Прошло время, год-два, и рассеялись эти первые люди. Витек погиб первым, поднял на спор легковой автомобиль, и надорвался. Непонятный человек ушел со своей тайной: зачем он поступал, учился, сдавал как-то экзамены, на что надеялся? что это было – блажь, мечта? Говорили, родители его были врачи, погибли в пятьдесят первом. Умер и большой человек Буфетов, выбросился из окна, всего-то было – полтора этажа, но огромный Вадик стал жертвой собственного веса. Причины гибели остались непонятны, кто говорил, что он безумно ревновал приемную дочь, кто утверждал, что Буфет был тайный агент и его вычислили, странная версия, конечно, но и время было… наконец, третьи настаивали, что он всегда был псих на учете, и маменькин сынок, а маменька его, тоже Буфетова, по совпадению работала в буфете, проворовалась, повесилась, а он, расстроившись, в подпитии перепутал окно с дверью. Впрочем, шептали, что его фамилия вовсе не Буфетов, и называли одного из вождей, расстрелянных, кому он приходился то ли племянником, то ли сыном. Кто знает… А вот про Балинта все знали – маленький, верткий, отличный футболист, он в этой компании был младшим и не вылезал с речами, за плечами у него тоже была история, венгерская какая-то трагедия, и эти трое молча признали его, он скромно тянул пиво, история про вдову была пресноватой и скучной для такого круга, это нам он заливал напропалую .. Так вот, Балинт – погиб геройски, уехал на Западную Украину, перешел в Венгрию и умер под нашим танком, защищая родину…
Костя же Шкурник пережил всех друзей, он ушел после третьего семестра, не дожидаясь исключения, зато потом выучился на фельдшера — акушера, перестал пить одеколон, подвизался в сельской местности, прославился своей умелостью, катался в сливочном масле, женился на толстой богатой хуторянке, стал совершенно уж круглым, бросил, конечно, сдавать кровь, и фамилию переменил, взял материнскую – Дорофеев.

немного из «Жасмина»

А помнишь, Малов, в мае, Жасмин уже в сознание пришел, лапами шевелит, и у него приступ недоверия, ты сказал, к себе не подпускает, рычит… а потом стал как шелковый, даже хвостом как-то вильнул, да?.. И мы решили, хватить его парить в комнате, пора на воздух, вниз, на балкон.
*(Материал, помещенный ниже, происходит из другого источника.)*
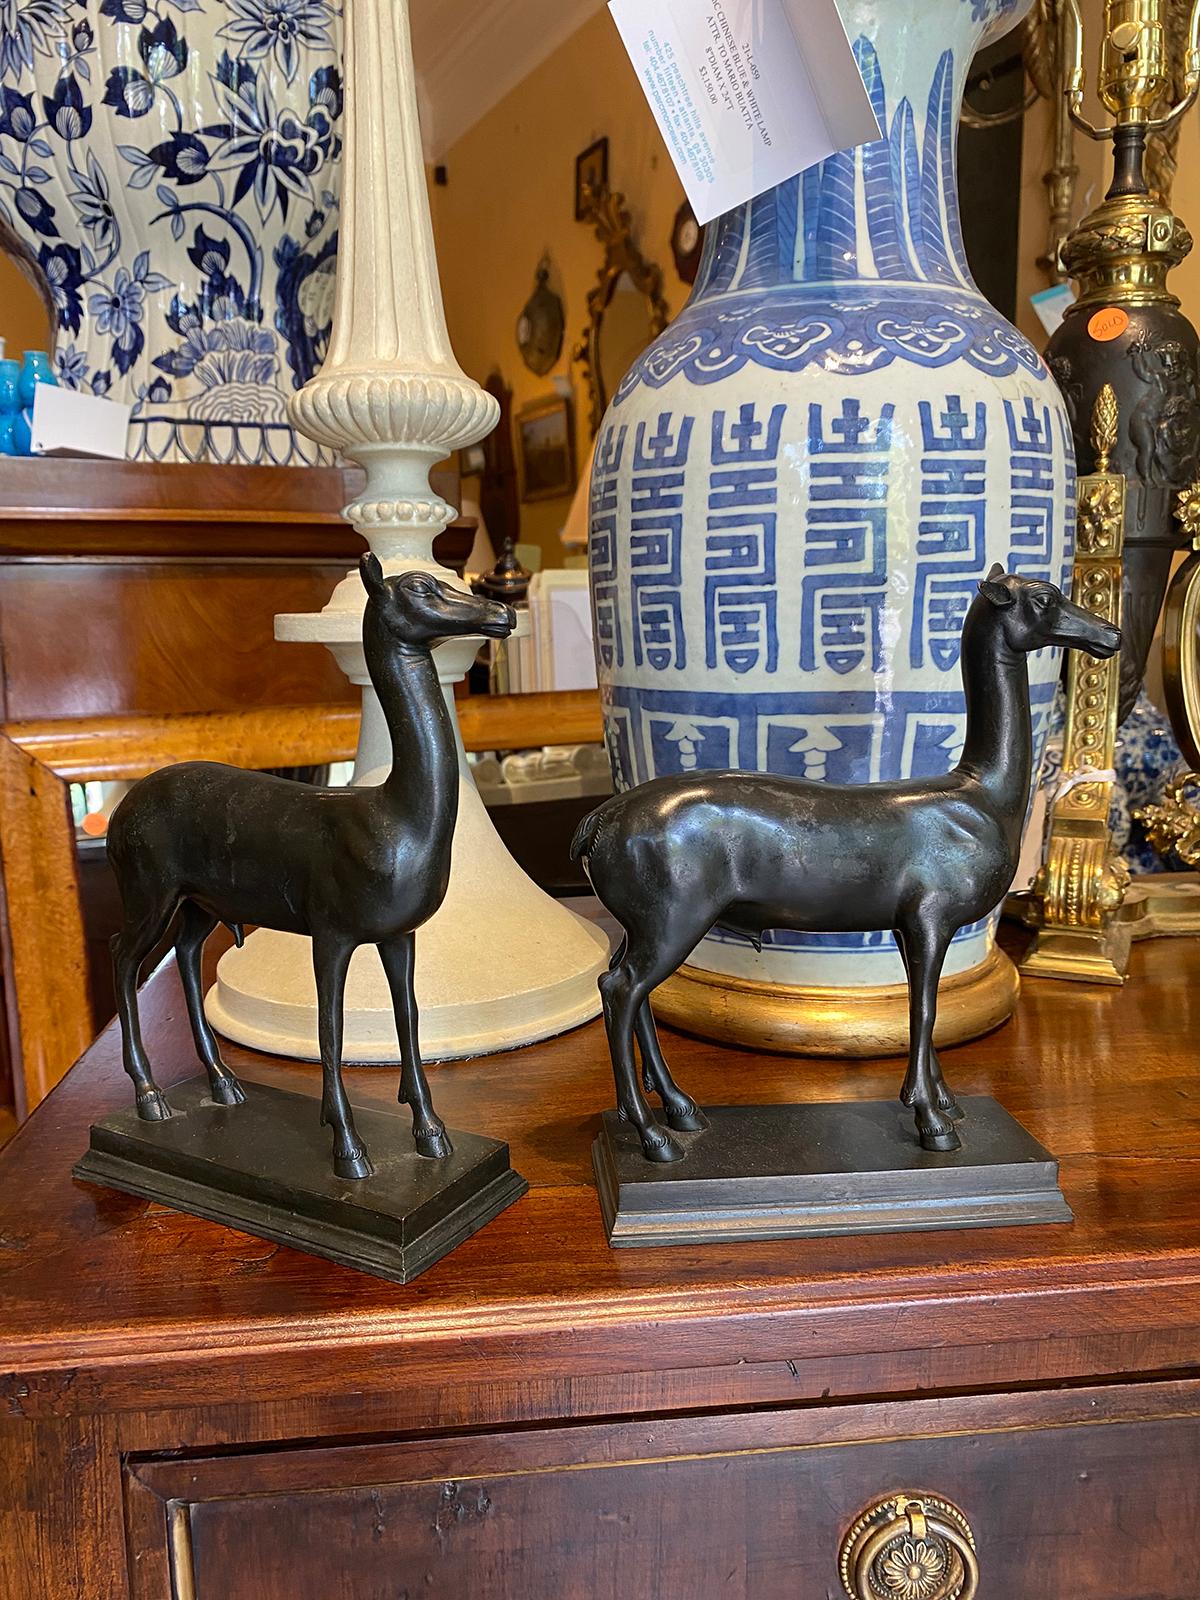 Pair of late 19th-early 20th century continental bronze deer after the ancient Pompeian model. Base measures 6

Лежанку знатную там приготовили из старых одеял, а в стороне от нее я пропилил в цементе канавку, сток, чтобы жидкие отходы на землю стекали. Дальше не напоминаю, вряд ли ты забыл — как мы его вниз тащили, ночью, по пустынной лестнице, молчаливой, темной, только внизу, еле видный в пролете, огонек теплится, на первом этаже у входа… Достали снотворное в ампуле, подкрались, вкололи ему сзади, подождали, пока заснет, схватили помост и потащили… Несем, молчим, три дыхания слились в одно, тяжелое, хриплое… Лестницы бесконечные, от неба до самой земли… дом высоченной трубой, а по бокам клетушки, клетки, люди, людишки, спят на высоте, на утро надеются…

На этот раз без приключений, принесли и сразу на балкон. А утром смотрим, он освоился, и так ему хорошо здесь, по морде видно!.. Совсем другое дело, низко, рядом запахи, земля, тепло, травка, птицы, листья шелестят… Он глаза широко открывает, и небо в глазах… К счастью сам балкон оказался с наклоном, строители недоглядели, так сама решилась проблема с отходами, ты говорил, для человечества нет проблемы сложней, помнишь?..
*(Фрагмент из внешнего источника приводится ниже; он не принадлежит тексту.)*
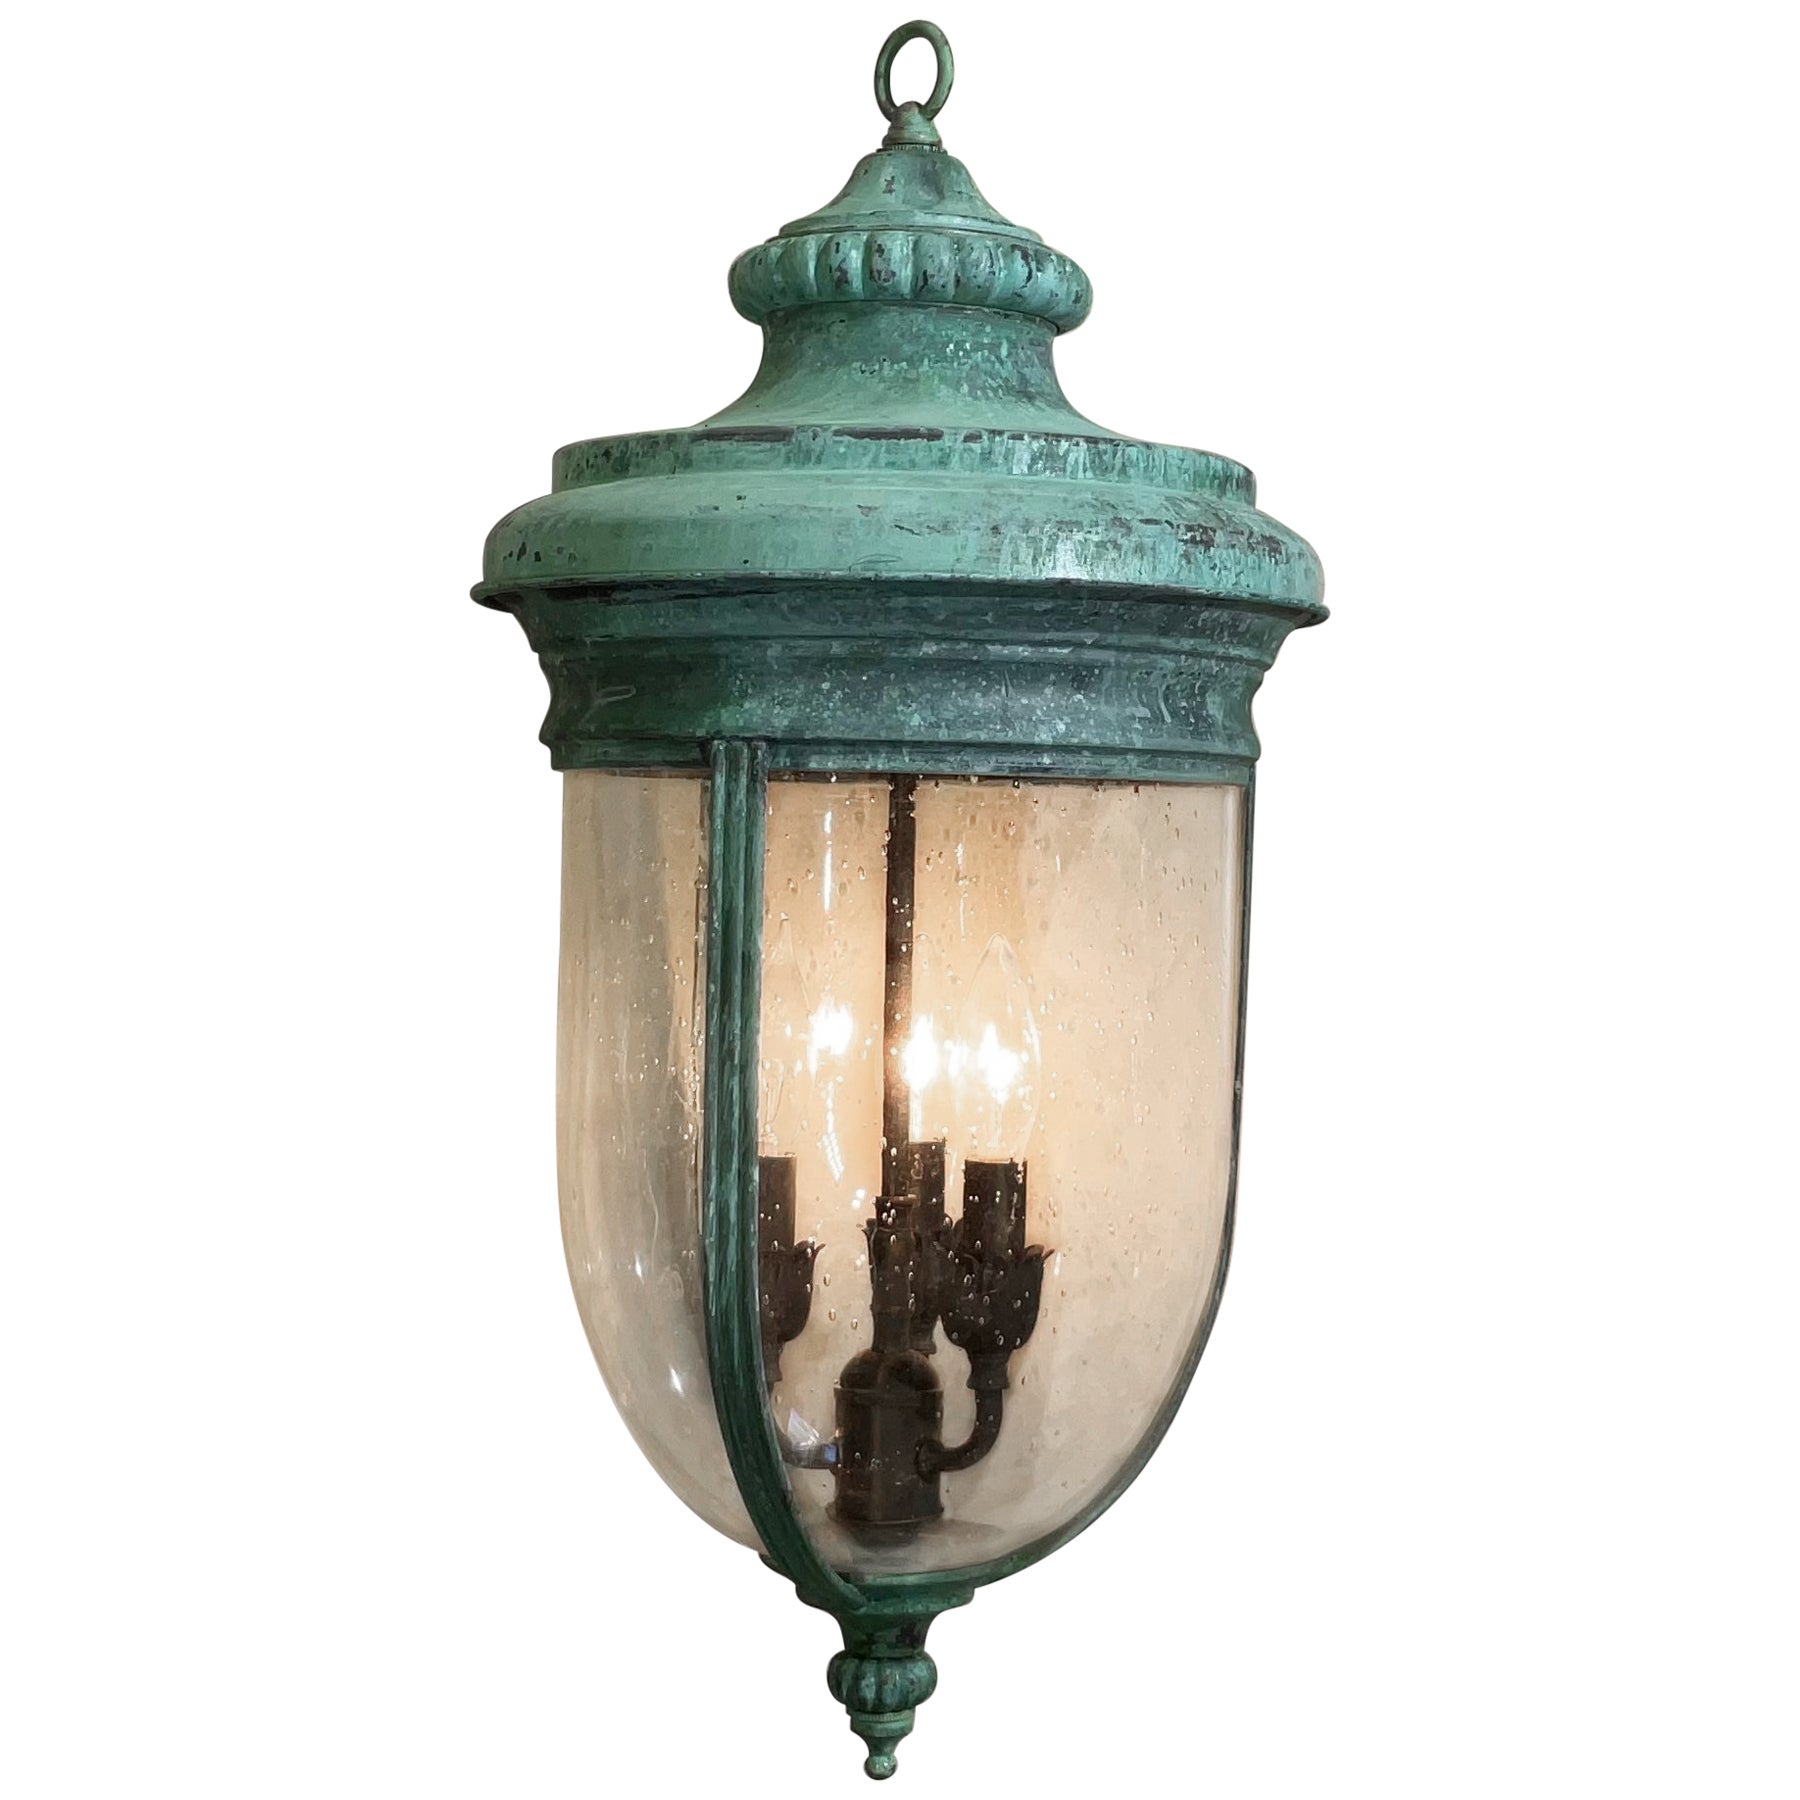 Solid Brass Lantern Hanging Pendant with Handblown Circular Glass For Sale

Обрадовался пес на новом месте все смотрит через редкую решетку, смотрит… И мне так жаль его стало, Малов, что я заплакал, вышел на кухню, слезы сами текут, потому что он инвалид, и, наверное, вспоминает, какой был могучий, быстрый… это трудно вытерпеть, я понимаю.

Ты ушел, а я нарисовал картинку, «Жасмин на воле», помнишь, ты говорил о ней, удивительный взгляд на вещи, а я думаю, просто печальный пес. Ты увез ее в Лондон показать. Жасмин среди полей, ноги в траве, он глядит вдаль на рассвет, так ты сказал, а я рисовал закат, но спорить не стал, главное, на своих ногах стоит.
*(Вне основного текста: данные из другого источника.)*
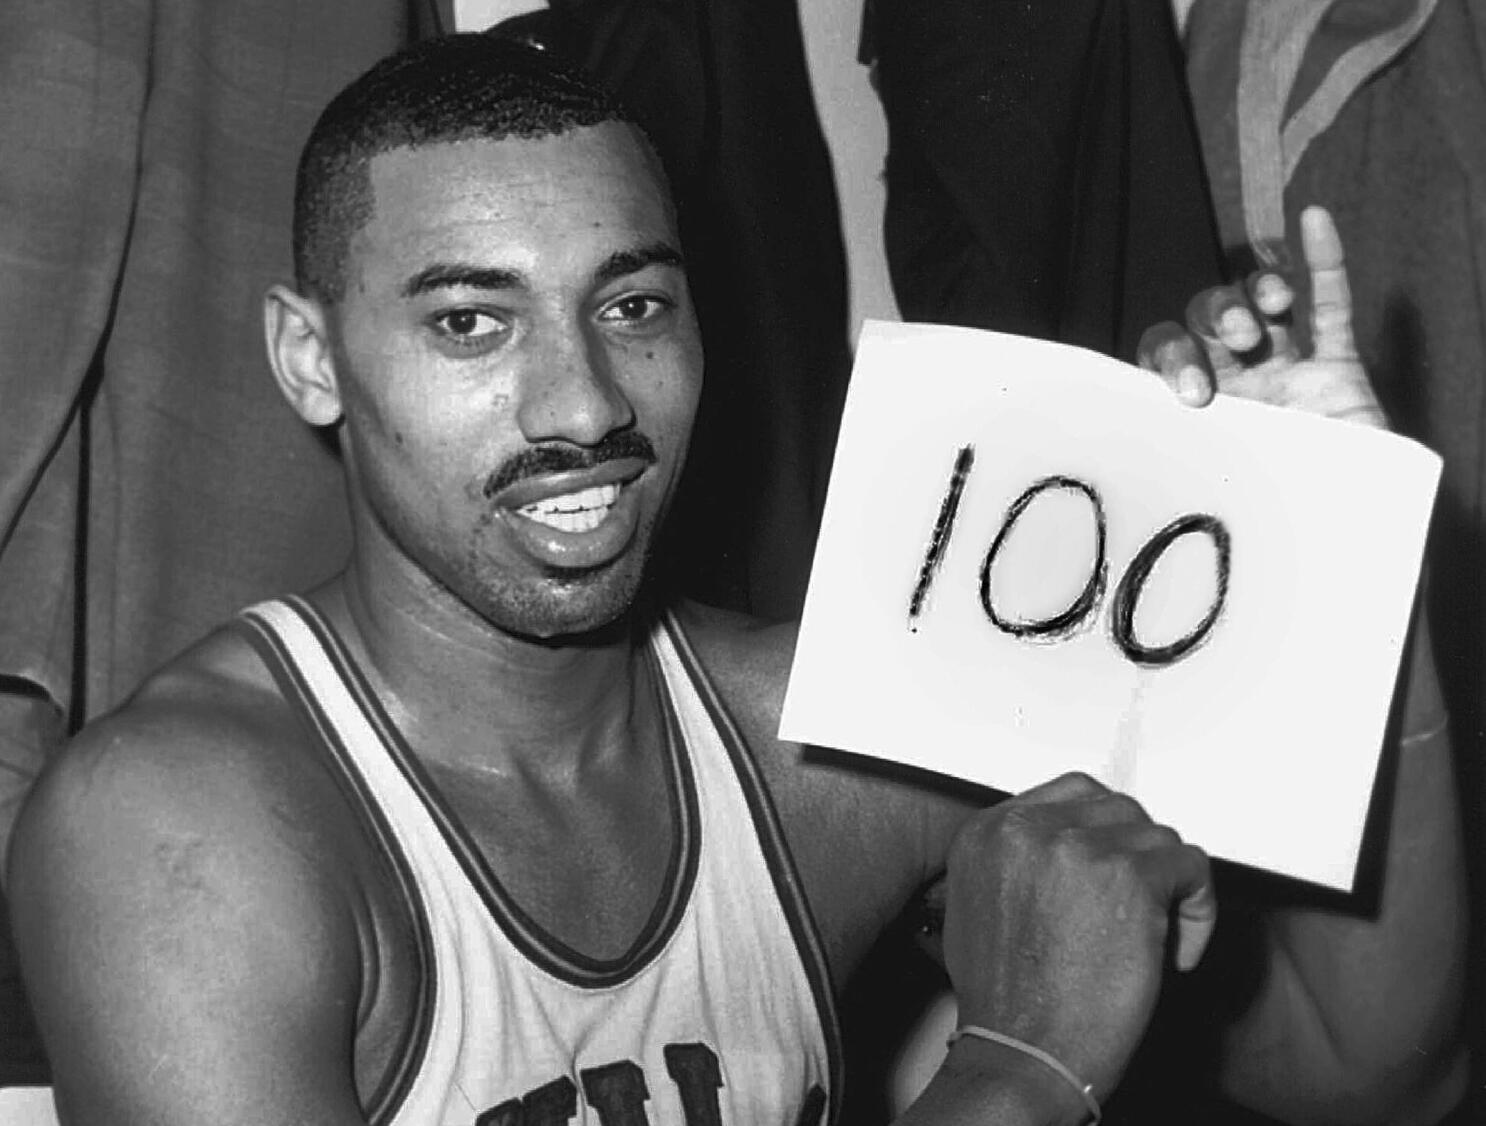 PHOTOS: in 1962, the Media Barely Noticed That Wilt Chamberlain

А про канавку Жасмин понял на диво быстро, отползет чуть назад, исполнит свои дела и обратно приполз. Мне трудно смотреть, как он ползет, огромный пес, что же дальше будет?..

И я каждый день прикапываю внизу, чтобы не воняло.

***

В те дни у меня эта самая катавасия и стряслась, с Полиной, сначала не мог даже вспоминать, дурно становилось. Малов, ты будешь смеяться, знаю, а для меня тогда обрыв, обвал, или революция, такая неожиданность и смятение чувства. А потом я пережил это, или привык, однажды вспомнил и чувствую, рот к ушам ползет… И с тех пор, как вспомню, хмыкаю, или хихикаю, помнишь, ты еще удивлялся, чего это я такой смешливый стал…

Как-то зашел в библиотеку с очередным заданием, убей, не помню, у меня другое на уме было. Полина, как всегда, среди книг, я подошел, кругом никого, она обернулась, зубы блеснули, не успел опомнится, она прижимается ко мне — «дорогой…» и все такое… Тут дверь зашелестела, и она мне шопотом — «приходи сегодня ко мне, часиков в семь», и убегает к посетителю.

Ты знаешь, у меня Наталья, серьезный интим, много печального, может, под настроение расскажу, а сейчас про Полину, тебе веселей станет.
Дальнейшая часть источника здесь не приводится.